Hersh, now 80, first came to national prominence in 1969 when he helped expose the massacre of Vietnamese civilians in the village of My Lai. More recently, Hersh revealed the U.S. military’s torture of Iraqi prisoners at Abu Ghraib prison in 2004 and, in 2014, debunked Western propaganda that sought to justify a major U.S. military attack on Syria by pinning a sarin-gas attack on the government.

With tensions with North Korea on the front burner, this year’s citation was unusually topical. It read:

“The Sam Adams Associates for Integrity in Intelligence presents its INTEGRITY AWARD for 2017 to Seymour M. Hersh — Know all ye by these presents that Seymour M. Hersh is hereby honored with the traditional Sam Adams Corner-Brightener Candlestick Holder, in symbolic recognition of Mr. Hersh’s courage in shining light into dark places.

“It has been said: ‘The pen is mightier than the sword.’ We are likely to find out soon enough if that is the case.

“Sy Hersh, this year’s Sam Adams honoree for integrity, has had the courage to use his unparalleled access to sober-minded senior officials to expose U.S. government misdeeds. This may prove to be a more effective deterrent to President Donald Trump attacking North Korea than the nuclear bombs and missiles at the disposal of North Korean leader Kim Jong-un.

“How can this be true?  Because truth tellers in our national security establishment would tell Sy. And even if Sy’s words could appear, at first, only in German, as was the case when Sy exposed Trump’s lie about a Syrian Air Force’s ‘chemical weapons attack’ in early April, there is a good chance the world would quickly know – this time, hopefully, before a U.S. attack ‘in retaliation.’

“It seems likely that Trump would be more hesitant to risk having to sit in the war-crime dock at Nuremberg II, than he would be to risk the carnage that an attack on North Korea would bring to the entire peninsula, and beyond. Such is the potential power of the pen. Sy Hersh’s pen.

“Presented this 22nd day of September 2017 in Washington, DC, by admirers of the example set by the late CIA analyst, Sam Adams.”

 

24 comments for “Hersh Receives Adams Award for Integrity

  1. Hank
    September 26, 2017 at 18:36

    We need more like Him.

  2. Ecoute Sauvage
    September 26, 2017 at 10:24

    Sy Hersh deserves every prize available, but WHY can he no longer be published in the US or in the UK?

    Only the German Die Welt will publish his stories on Syria – not just the New Yorker, but even the London Review of Books have turned him down.

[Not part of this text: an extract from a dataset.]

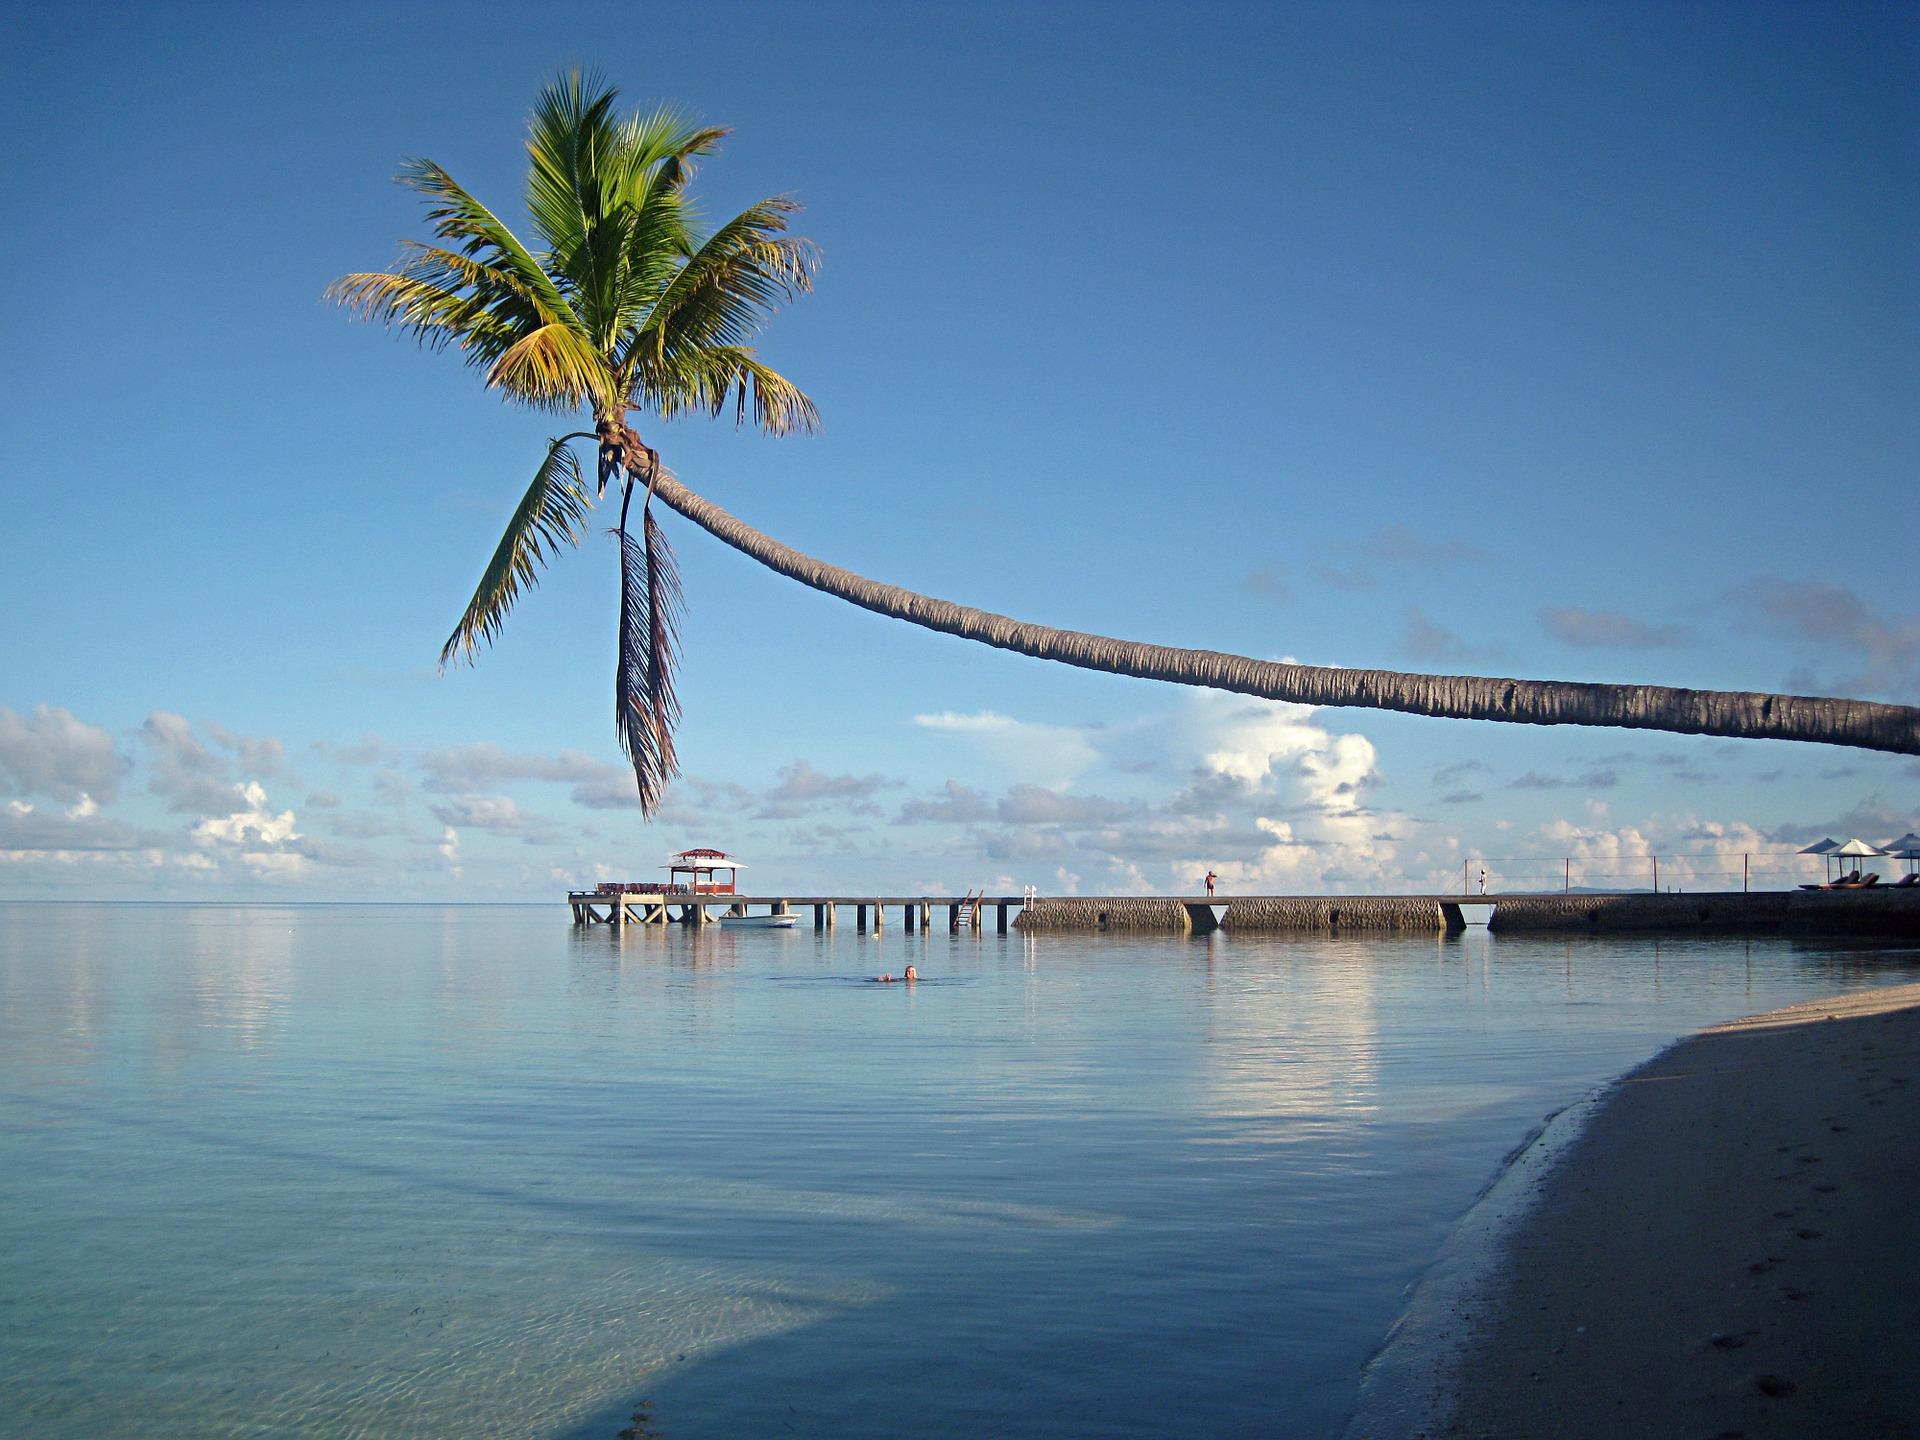 isole wakatobi indonesia: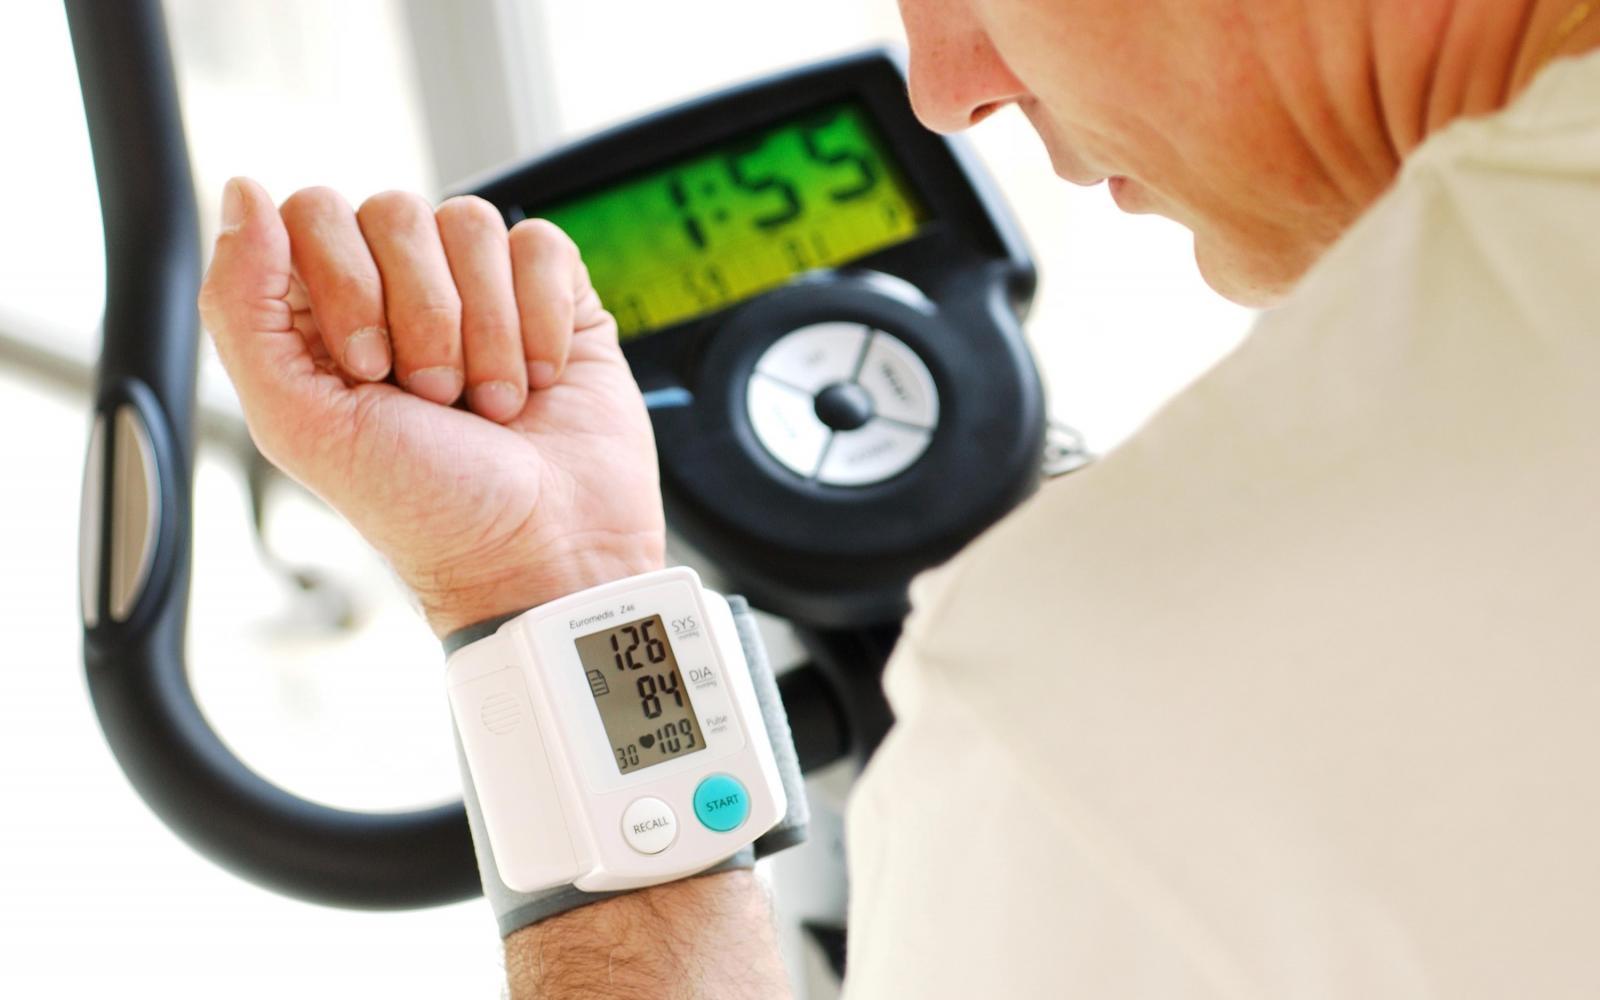 hogyan lehet segíteni a magas vérnyomásban)

    What is THIS website doing about it?!

  3. geoff
    September 26, 2017 at 04:46

    well done sy hersh and thank you

  4. Hugh R. Hays
    September 25, 2017 at 18:02

    Thank you all for supporting integrity.

  5. Virginia
    September 25, 2017 at 16:02

    Sorry, I can’t seem to forget how Hersh wouldn’t stand behind the recording made public of his conversation about Seth Rich being the one who leaked DNC emails to WikiLeaks. I do appreciate the good honest journalism Hersh has brought forth, when he showed courage and benefited the public. However, as other commentators above have noted, his record is not 100%. Whose is? No one’s perhaps, but can’t SAAII do better? How about Robert Parry?

  6. Nathaniel Heidenheimer
    September 25, 2017 at 15:39

    I hope there is a caveat in there about his shameless propaganda for CIA re JFK and his foreign policy… Or is this Sy’s quid pro quo?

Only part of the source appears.